The wood & bark appears to have come from a Hawthorn tree which can have thorns like Honey locust. I haven't turned any myself, but the wood sure looks interesting.

Reactions: Like 1 | Agree 2


----------



## phinds (Sep 13, 2018)

Karl_TN said:


> The wood & bark appears to have come from a Hawthorn tree which can have thorns like Honey locust. I haven't turned any myself, but the wood sure looks interesting.


Good call. End grain and color are consistent with hawthorn. The resin canals are weird though.

Reactions: Informative 1


----------



## Mr. Peet (Sep 14, 2018)

phinds said:


> Good call. End grain and color are consistent with hawthorn. The resin canals are weird though.
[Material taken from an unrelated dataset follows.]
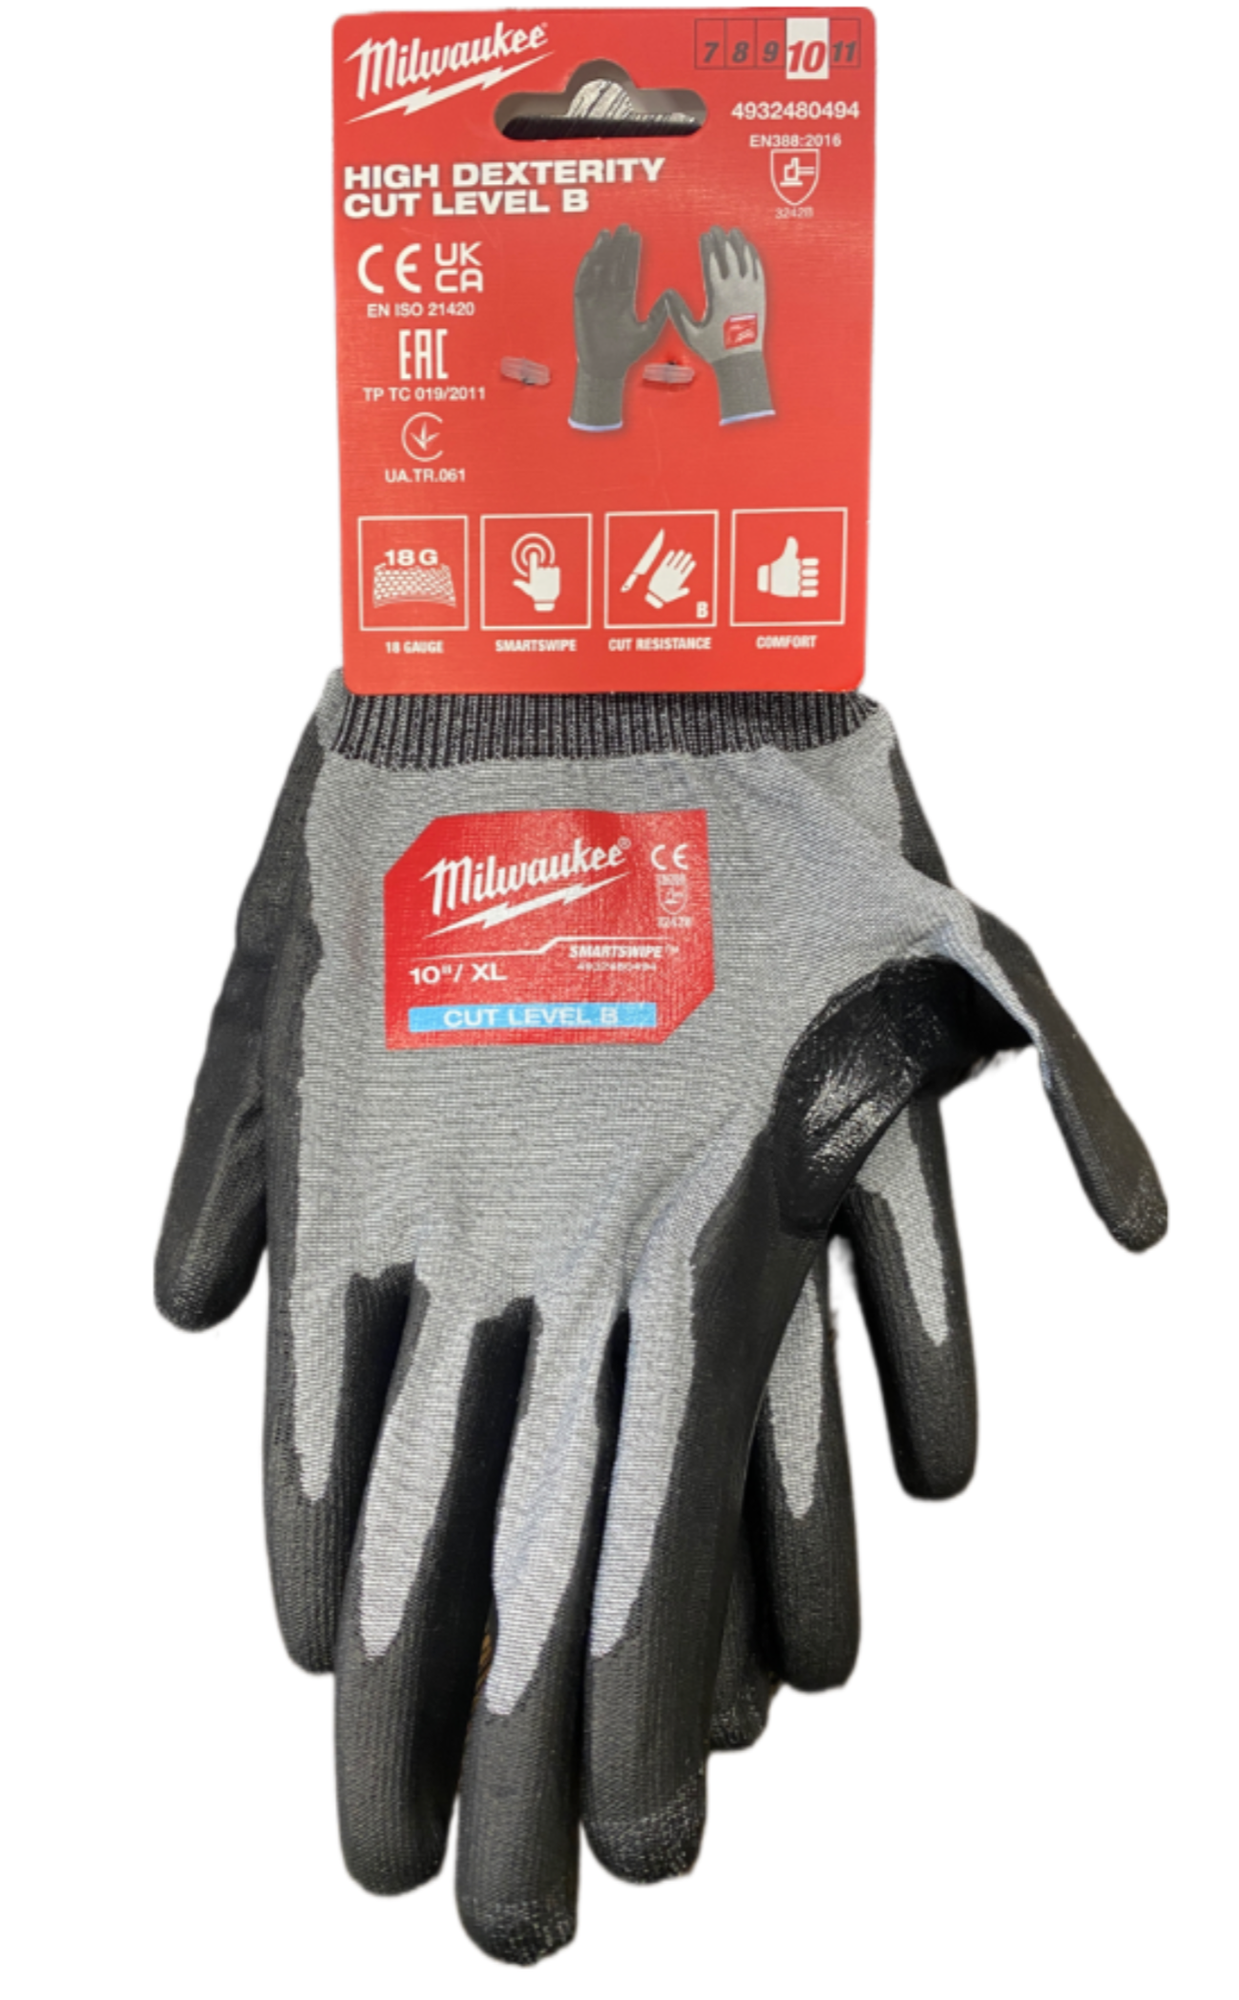 Перчатки Milwaukee Hi-DEX с уровнем сопротивления к порезам 2/B, размер XL/10, 4932480494

Hawthorn is known for having those dark spots throughout the wood. It also happens in 'Hop-hornbeam' and a few of the birches. Forget the proper term.

So yes, Karl is correct, one of the many Hawthorns...
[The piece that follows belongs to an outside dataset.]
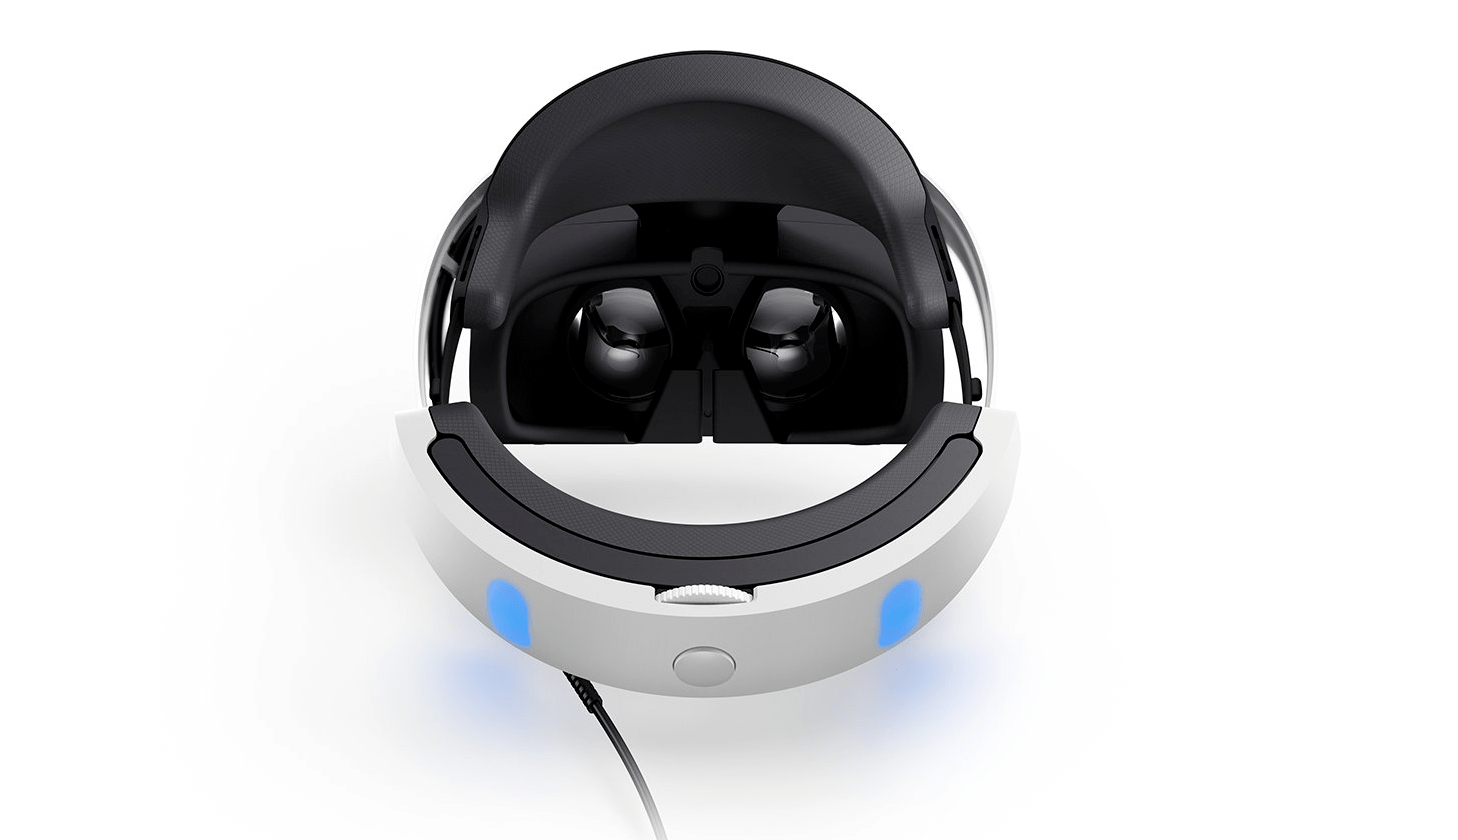 PlayStation VR: The Kotaku Review

Reactions: Like 1 | Informative 3


----------



## phinds (Sep 14, 2018)

Mr. Peet said:


> Hawthorn is known for having those dark spots throughout the wood. It also happens in 'Hop-hornbeam' and a few of the birches. Forget the proper term.
> 
> So yes, Karl is correct, one of the many Hawthorns...


Jeez, now that I LOOK for them, I see them in the very first sample on my hawthorn page. Thanks for the info.


----------



## Karl_TN (Sep 14, 2018)

I was only making a wild guess based on Mathew's clue about the tree having thorns on the trunk, but that bark & wood wasn't like any honey locust I've seen. 

Sure wish I had half the knowledge that Paul & Mark have on wood identification itself. Too bad they live so far away for taking hands-on lessons.

Reactions: Like 1 | Thank You! 1 | Agree 1


----------



## phinds (Sep 14, 2018)

Well, for wood anatomy, there's a good start in the stickies at the top of this wood ID sub-forum.

For trees, you'll have to ask Mark. All I know about trees is that people tell me (I'm doubtful, but don't want to insult them) that they are the origin of all those planks I buy at the exotic wood stores


----------



## Augray (Sep 14, 2018)

Thanks all, I really appreciate it! It's a really beautiful wood, turns relatively well when green, but gets pretty hard as it dries and cracks and warps something fierce if you aren't careful. I carved a little canoe from the dried blank in the pics the other day...let's just say my calluses got an upgrade.

Phinds - love your website, I literally have a shortcut to it on my phone's homescreen :-1 I completely missed the hawthorn pics you mentioned too.


----------